**PROBLEM DETAILS:**
Print the lines from the one containing "Calvin Klein Men's" through the end of the material below, both included, exactly as they appear and without pictures.

**INFORMATION SUPPLIED:**

--- START ---

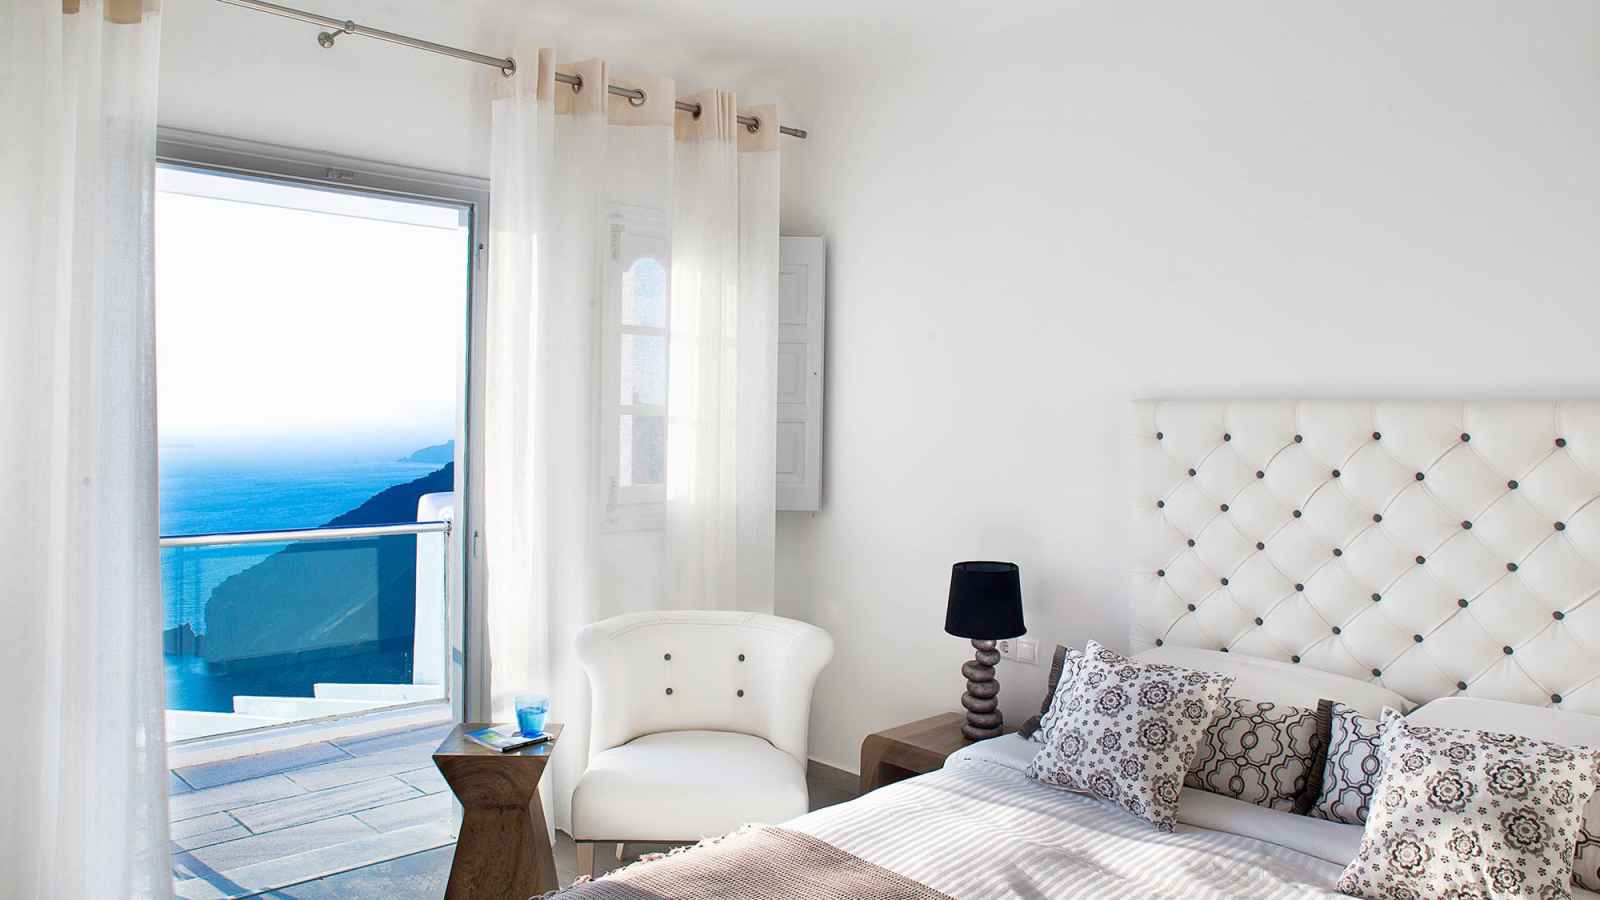 Grèce - Iles grecques - Les Cyclades - Santorin - Hôtel Belvedere Suites 4*
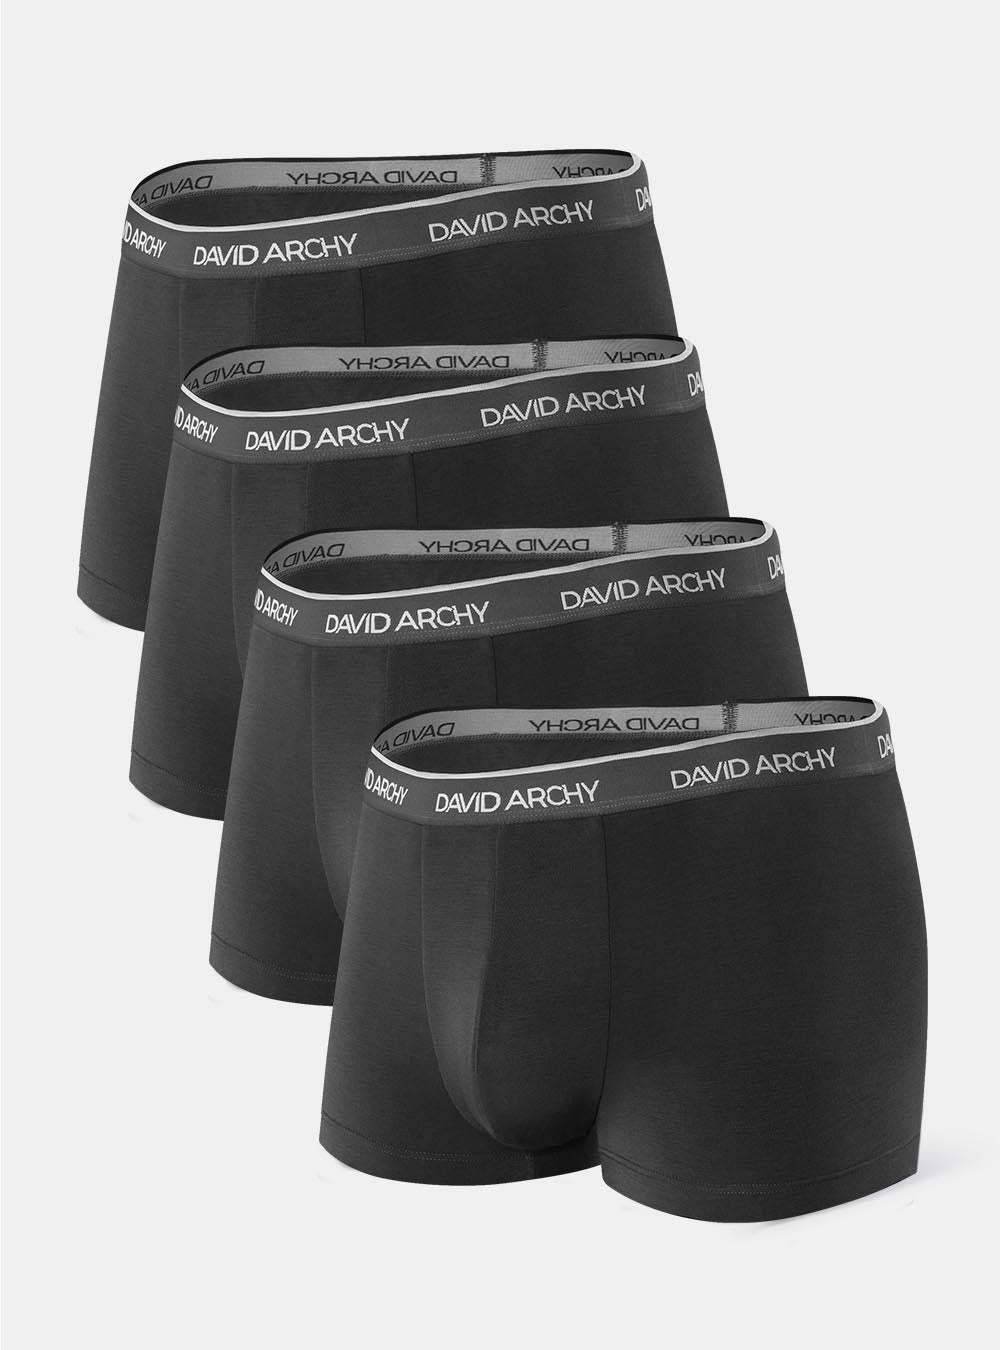 Calvin Klein Men's Underwear 4-Pack Classic Briefs Black/Gray/White 
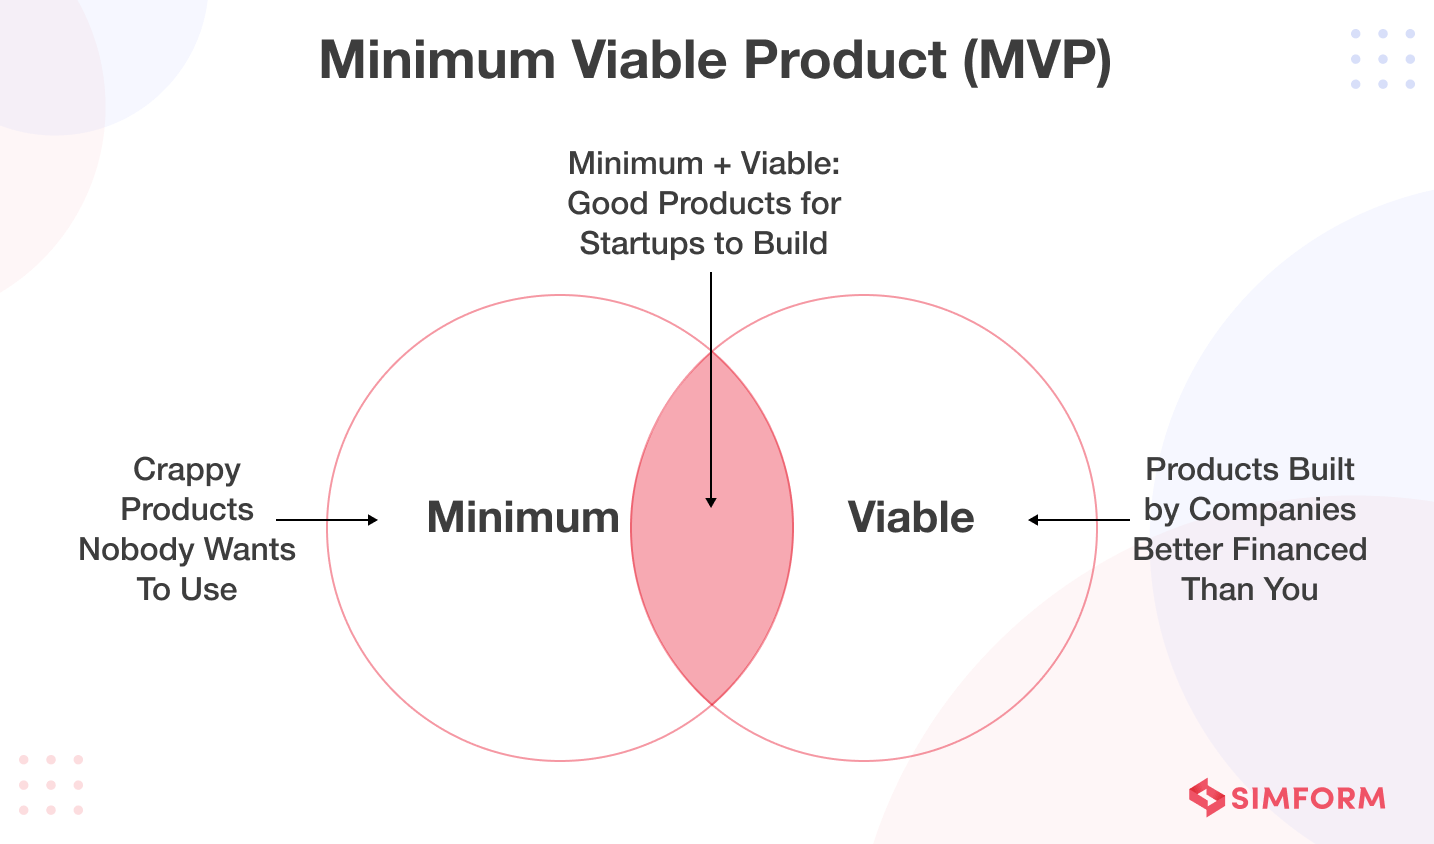 Minimum Viable Product
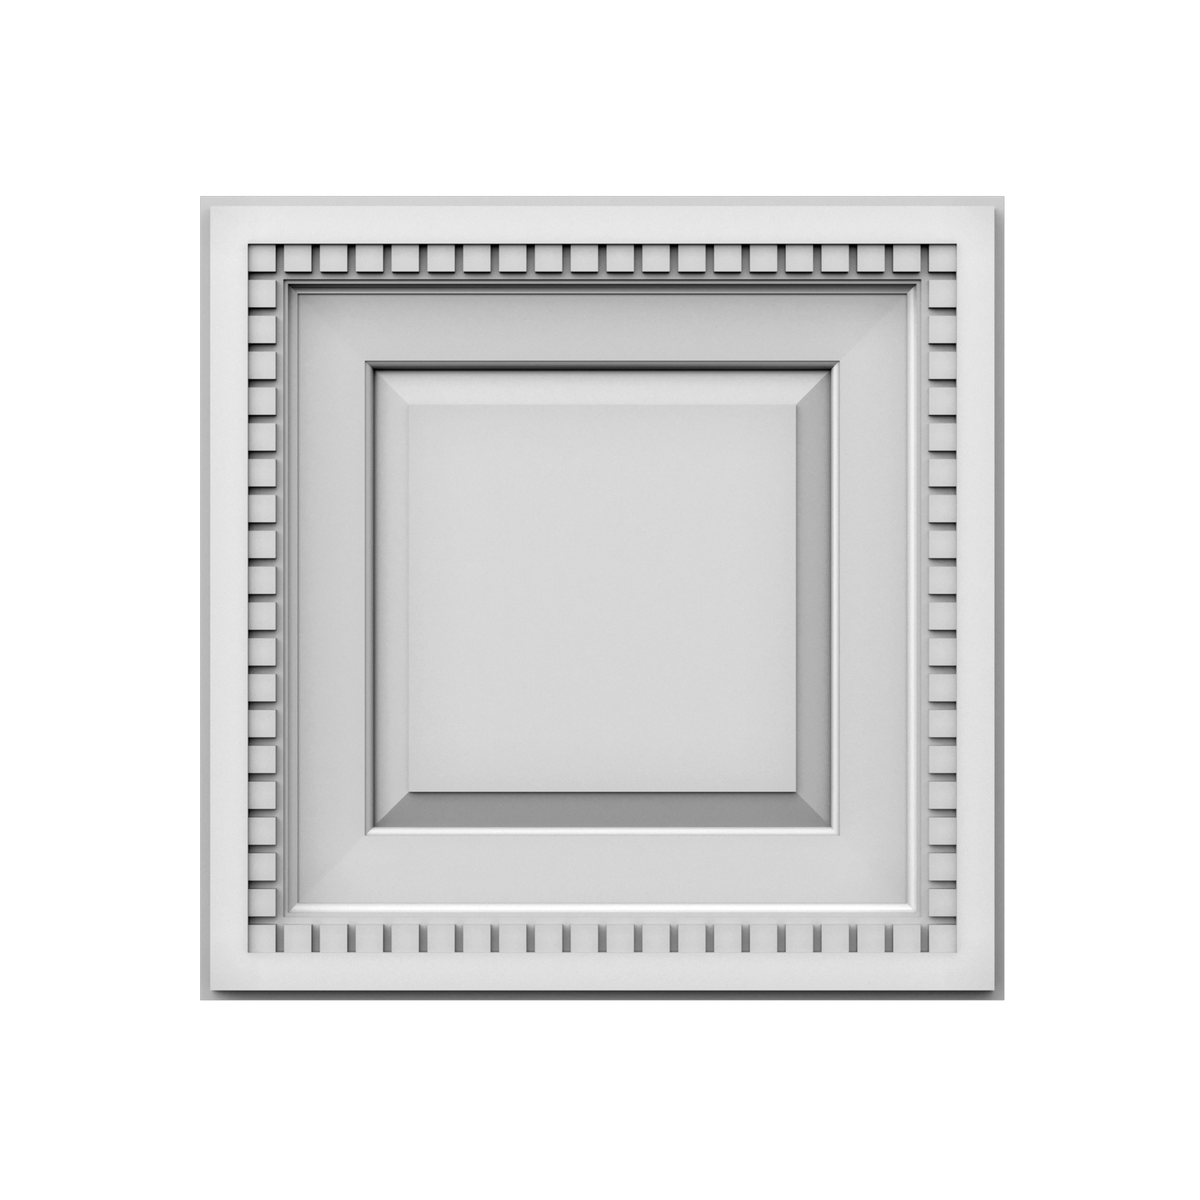 Плита потолочная полиуретановая Gaudi Decor R 4050

--- END ---

**ANSWER TO THIS EXERCISE:**
 Calvin Klein Men's Underwear 4-Pack Classic Briefs Black/Gray/White 
 Minimum Viable Product
 Плита потолочная полиуретановая Gaudi Decor R 4050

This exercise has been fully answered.